Question: Using the plotting functions of clusterProfiler / enrichplot with enrichment results from other programs
1
5 months ago by
charles.foster40 wrote:

Hi all,

I'm a big fan of the many plots produced by the clusterProfiler and enrichplot packages. The functions such as emapplot() require the enrichment results to have been generated using clusterProfiler (and a few other related packages, I think). However, I've carried out GO/KEGG enrichment analyses using GOSeq so I can account for any potential sequence length biases.
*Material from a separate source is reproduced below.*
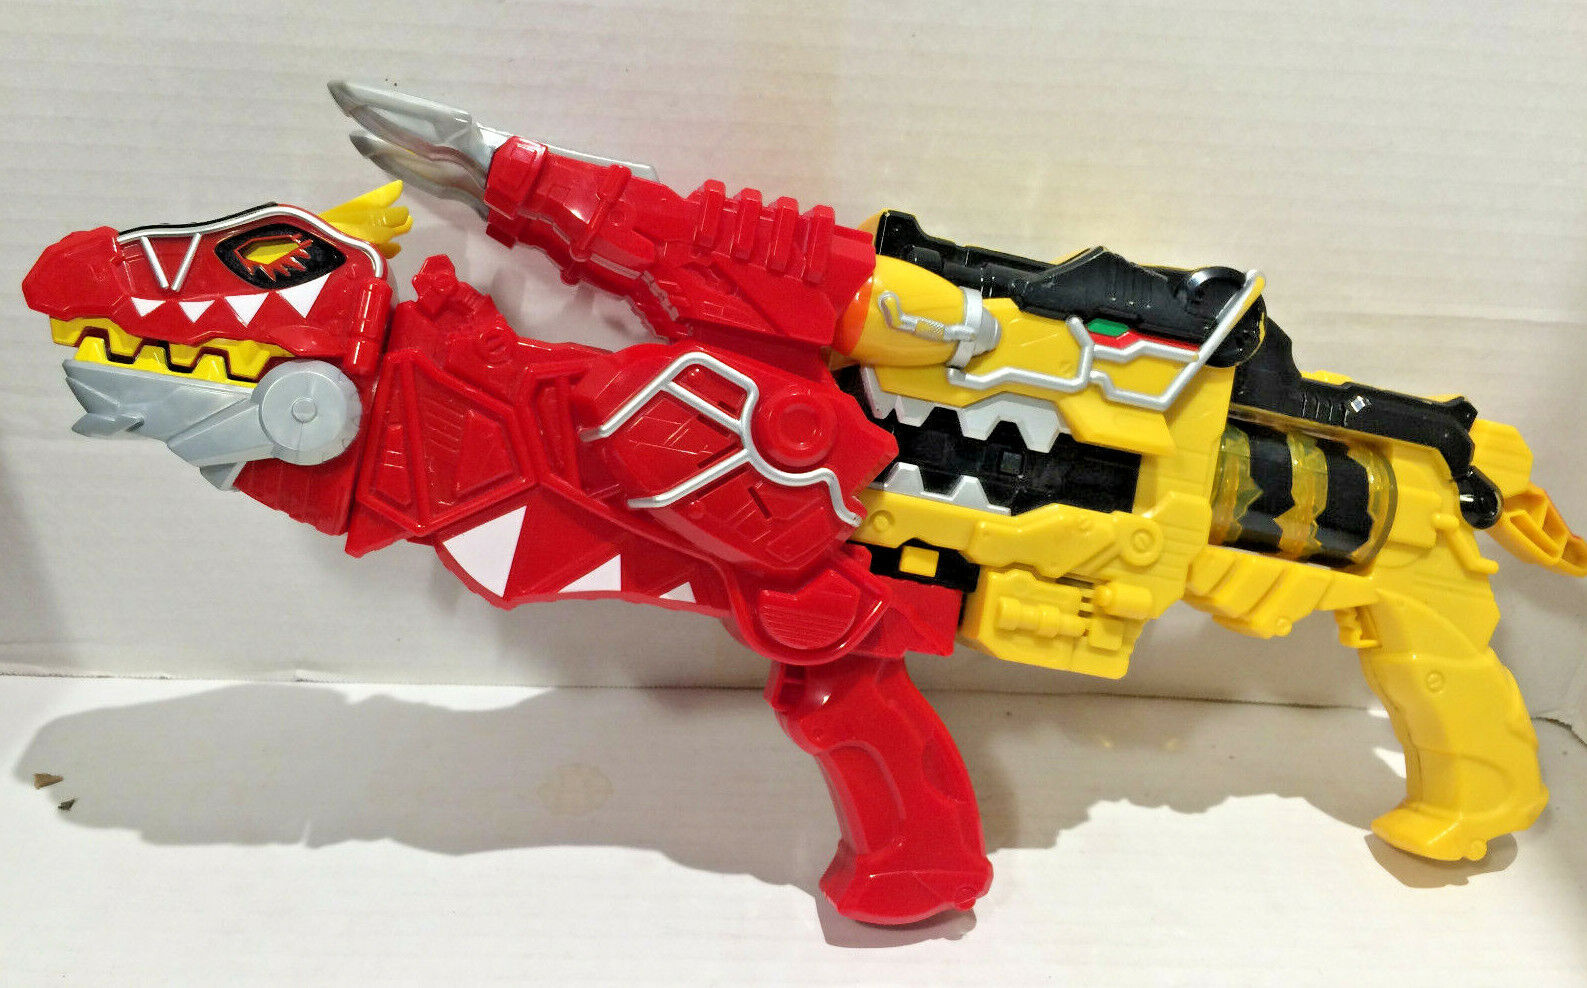 Awesome 2001 Power Rangers Dino Super Charge Yellow/Red T-Rex Morpher Blasters

Is there a way to to use the various plotting functions with data from other programs like GOSeq? Can we convert the results into the format required for emapplot() etc? The results for GOSeq, at least, are just stored in a data frame with the usual columns (GO term, adjusted p-value, number of genes in each category etc.)

Alternatively, any other useful programs for plotting results would be appreciated.

Thanks!

clusterprofiler enrichplot • 185 views
modified 5 months ago • written 5 months ago by charles.foster40
Answer: Using the plotting functions of clusterProfiler / enrichplot with enrichment res
1
5 months ago by
charles.foster40 wrote:

In case anyone is wondering in the future, I managed to solve the problem. The solution is a bit fiddly, but at least it works.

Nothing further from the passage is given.